Translate a video's transcript without dubbing:

python

translated = video.translate_transcript(
    language="Spanish",
    additional_notes="Use formal tone",
)

for entry in translated:
    print(entry)

Supported languages include: en, es, fr, de, it, pt, ja, ko, zh, hi, ar, and more.

Complete Workflow Examples

Generate Narration for a Video

python

import videodb

conn = videodb.connect()
coll = conn.get_collection()
video = coll.get_video("your-video-id")

# Get transcript
transcript_text = video.get_transcript_text()

# Generate narration script using collection LLM
result = coll.generate_text(
    prompt=(
        f"Write a professional narration script for this video content:\n"
        f"{transcript_text[:2000]}"
    ),
    model_name="pro",
)
script = result["output"]

# Convert script to speech
narration = coll.generate_voice(text=script)
print(f"Narration audio: {narration.id}")

Generate Thumbnail from Prompt

python

thumbnail = coll.generate_image(
    prompt="professional video thumbnail showing data analytics dashboard, modern design",
    aspect_ratio="16:9",
)
print(f"Thumbnail URL: {thumbnail.generate_url()}")

Add Generated Music to Video

python

import videodb
from videodb.timeline import Timeline
from videodb.asset import VideoAsset, AudioAsset

conn = videodb.connect()
coll = conn.get_collection()
video = coll.get_video("your-video-id")

# Generate background music
music = coll.generate_music(
    prompt="calm ambient background music for a tutorial video",
    duration=60,
)

# Build timeline with video + music overlay
timeline = Timeline(conn)
timeline.add_inline(VideoAsset(asset_id=video.id))
timeline.add_overlay(0, AudioAsset(asset_id=music.id, disable_other_tracks=False))

stream_url = timeline.generate_stream()
print(f"Video with music: {stream_url}")

Structured JSON Output

python

transcript_text = video.get_transcript_text()
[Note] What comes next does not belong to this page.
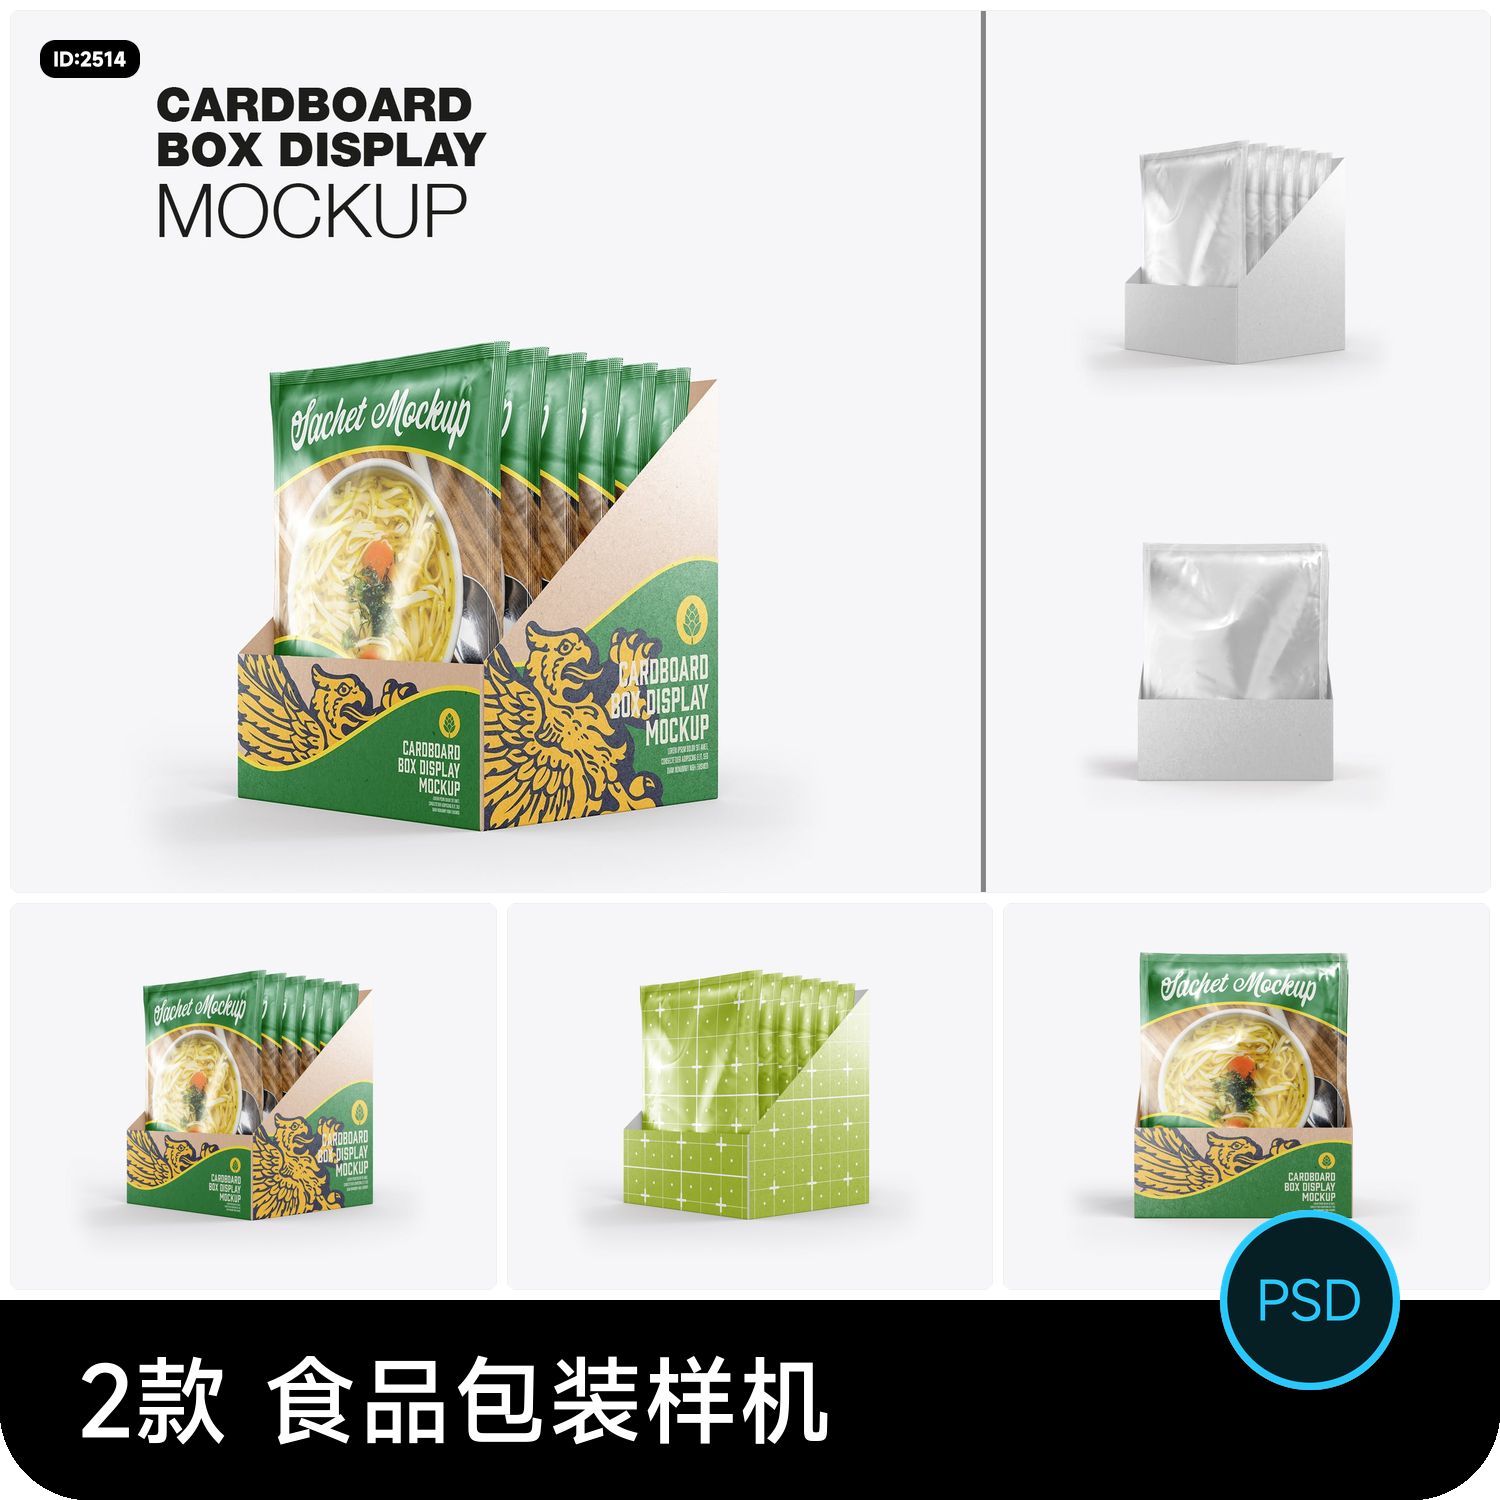 食品调料铝牌包装袋纸盒装展示效果vi智能贴图样机psd设计素材
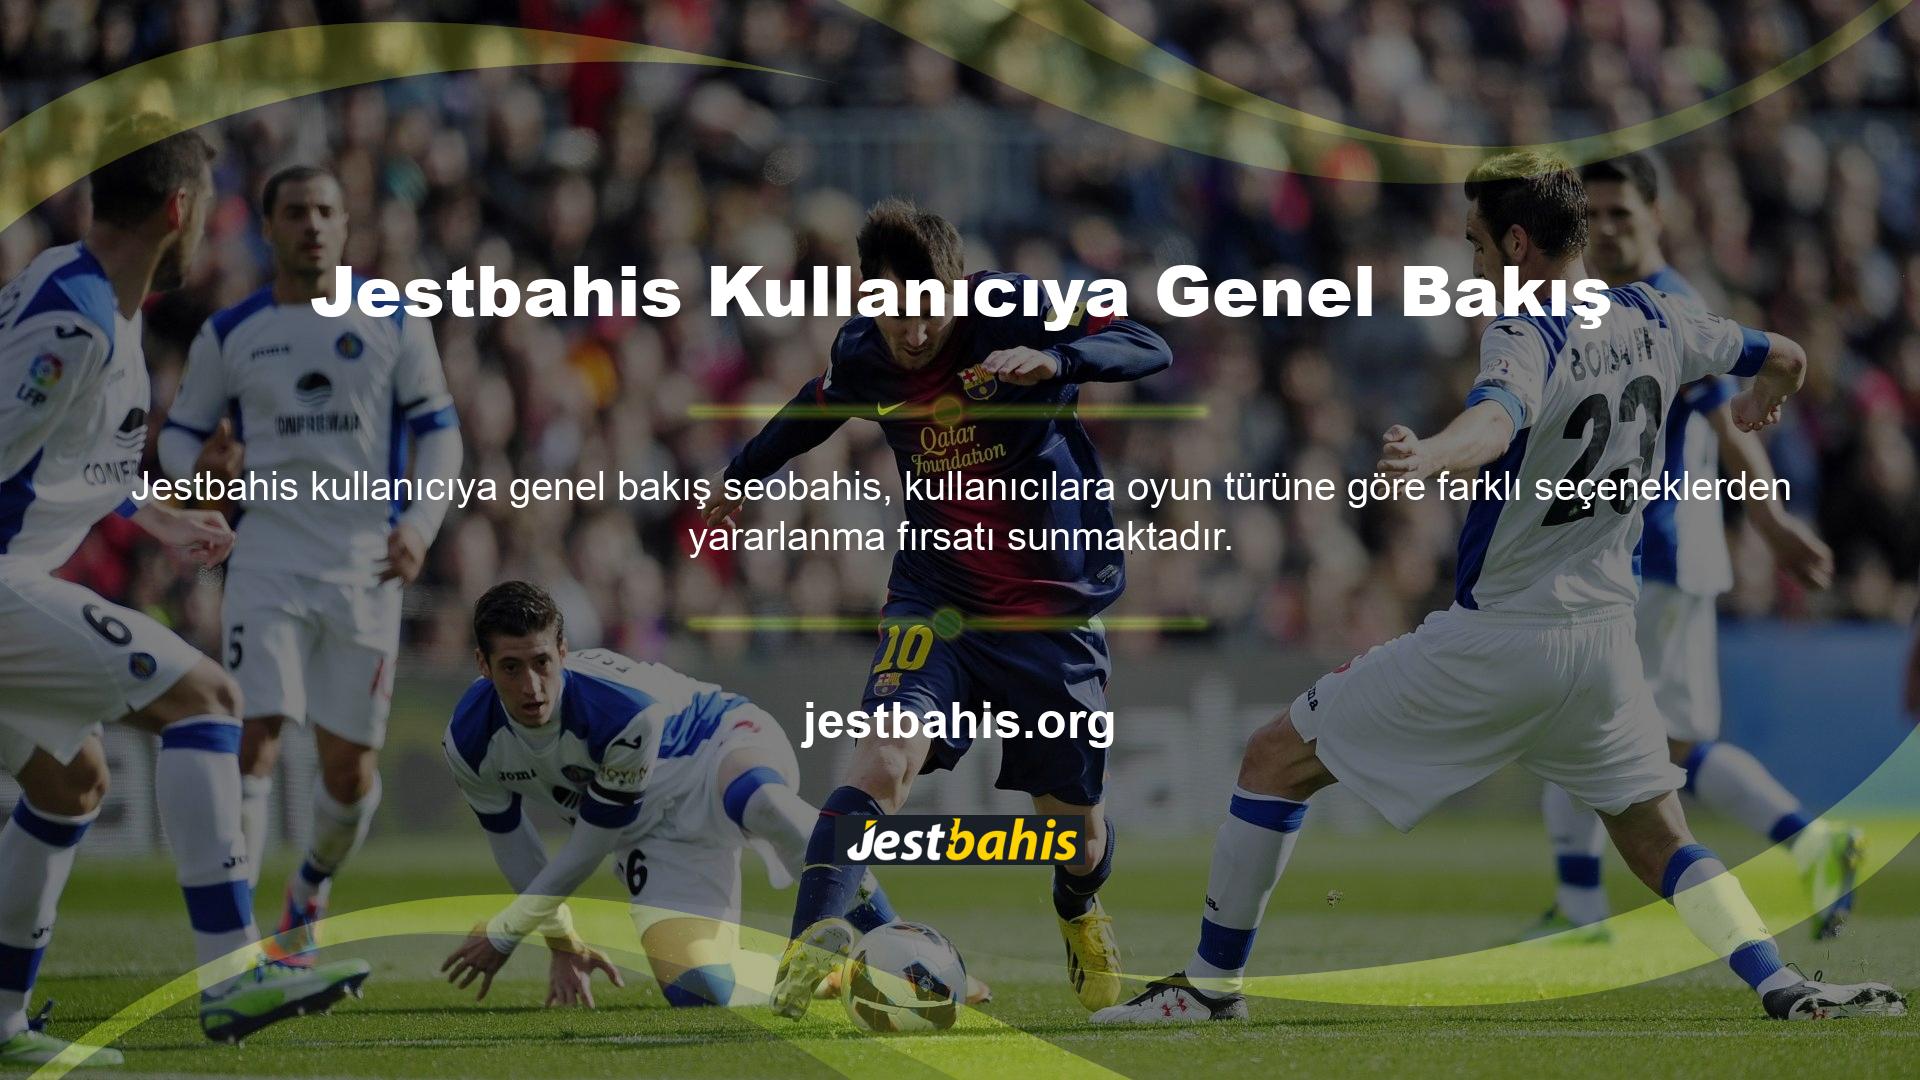 Site, Jestbahis kullanıcılarına çok çeşitli bahis ve casino oyunlarına kolay erişim imkanı sunmaktadır

result = coll.generate_text(
    prompt=(
        f"Given this transcript:\n{transcript_text}\n\n"
        "Return a JSON object with keys: summary, topics (array), action_items (array)."
    ),
    model_name="pro",
    response_type="json",
)

# result["output"] is a dict when response_type="json"
print(result["output"]["summary"])
print(result["output"]["topics"])

Tips

Generated media is persistent: All generated content is stored in your collection and can be reused.
Three audio methods: Use generate_music() for background music, generate_sound_effect() for SFX, and generate_voice() for text-to-speech. There is no unified generate_audio() method.
Text generation is collection-level: coll.generate_text() does not have access to video content automatically. Fetch the transcript with video.get_transcript_text() and pass it in the prompt.
Model tiers: "basic" is fastest, "pro" is balanced, "ultra" is highest quality. Use "pro" for most analysis tasks.
Combine generation types: Generate images for overlays, music for backgrounds, and voice for narration, then compose using timelines (see editor.md).
Prompt quality matters: Descriptive, specific prompts produce better results across all generation types.
Aspect ratios for images: Choose from "1:1", "9:16", "16:9", "4:3", or "3:4".